Sounds like the cravings I spoke of last time, wanting more and more, and never satisified. Solomon realized that with everything, he was still a son of Adam. Tiff, you can only reach so far. Temporary things are just that--temporary.

Signed,
Eve's Daughter

Wednesday, February 02, 2005

Super Size Craving

Today's Menu: Blueberry Muffin
It's Wednesday, forget the drama...

I admit it: We watch the Academy Awards at our house. We buy snacks, kick back, and enjoy the show. I'm shallow enough to say I love to see the gowns. Yes, I'd wear that. No, I wouldn't want to be buried in that. If I looked like her, I'd definitely wear that. What would I say if I ever won for Best Screenplay? (hey, a writer can dream!)

For the first time, we'll be watching at the edge of our seats to see who wins in the Documentary category. We're cheering for the only one we watched. Super Size Me.
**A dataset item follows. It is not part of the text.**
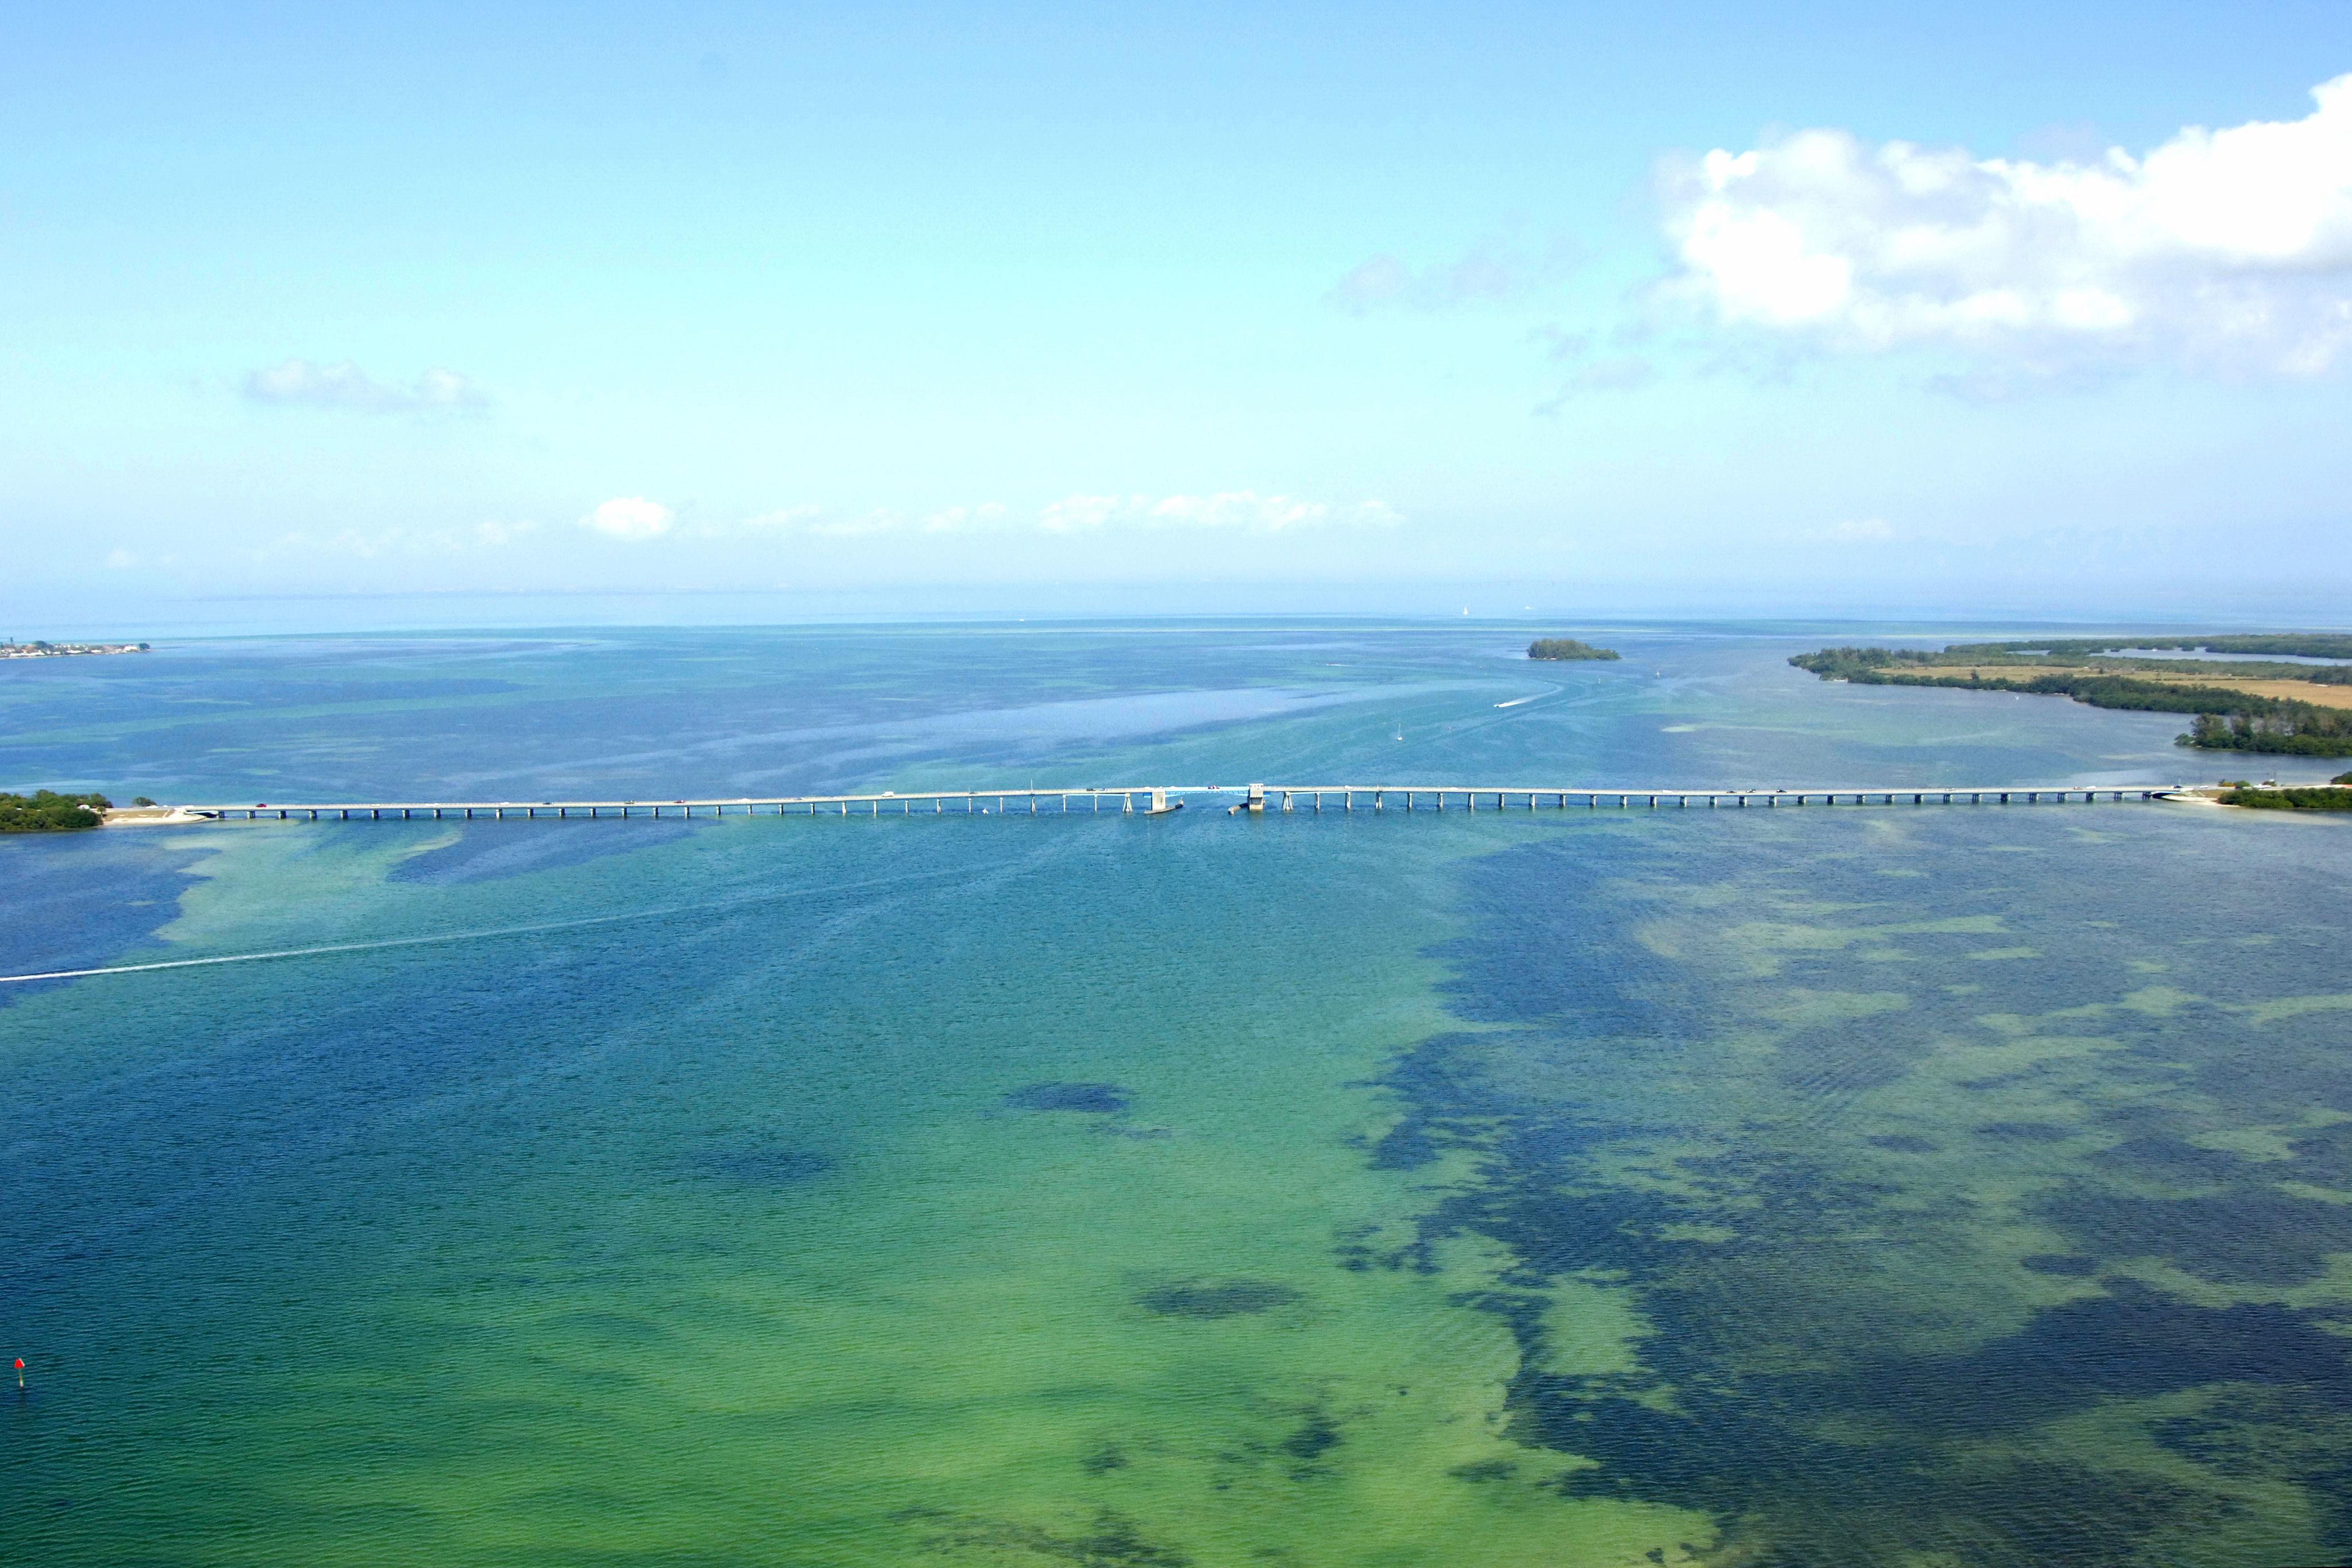 Anna Maria Island Bascule Bridge

Yup, the one where the guy documents his 30-day saga of eating McDonald's three meals a day and he nearly pickles his liver by day 21, all while his vegan girlfriend looks on and shakes her head in horror. For you family-friendly readers, I'll tell you there's one f*** word (not fudge) spoken by an interviewee, and an R-rated shot while the guy is getting an exam in a doctor's office. But I digress. Aside from that, don't cringe, rent the movie.

What made me shake my head in horror is seeing how our Western culture seems bent on destroying ourselves with the foods that bring us such pleasure. We poison our bodies with processed junk--and no, it doesn't just come from McDonald's. We don't have to super size or go through a drive-thru to satisfy our cravings with food that won't satisfy. Not an hour after we consume more calories in a meal than we need in one day, our bodies reap from the sugar and starch, then crash. The cravings start, and our mouths water for another fix.

But haven't we always been that way? Eve's daughter I am. I only have to look in the mirror to see what I've done to myself. I won't hate her for eating the forbidden fruit when I've had more than my share. Satisfy those cravings now, pay later in a bad way. My scale sighs.

Eve's nature is to destroy herself by taking that which she thinks will make her happy. Which reminds me, now that we're at the point of making confessions. It's late, and that makes me more lucid than normal. I watched Desperate Housewives the other night, mostly to see what the fuss is all about.

This episode dealt with sin and guilt, and how many of us choose to deal with those things. One of the characters had cheated on her husband and was staving off the guilt, when a priest entered her mother-in-law's hospital room. Of course, this same priest had heard the confession of the guy she'd had the fling with. Oops.

They had a bit of verbal grappling about her indiscretion without actually mentioning it.

She told the priest, "I just want to be happy."

And he told her, "That's the answer of a child."

So it is. What makes a child happy changes from moment to moment. "But, Pumpkin, you liked peas last week!"

"But I don't this week!"

Which brings me back around to Super Size Me. The oldest problem in the book, what to do about that craving. Maybe it's not that the craving is bad. We were created with taste buds, after all. Maybe it's learning to crave the right things and realize that what we crave isn't always the quick fix through the drive-thru. We don't know what we really want.

The first step to getting out of the mess is realizing, "I'm in one."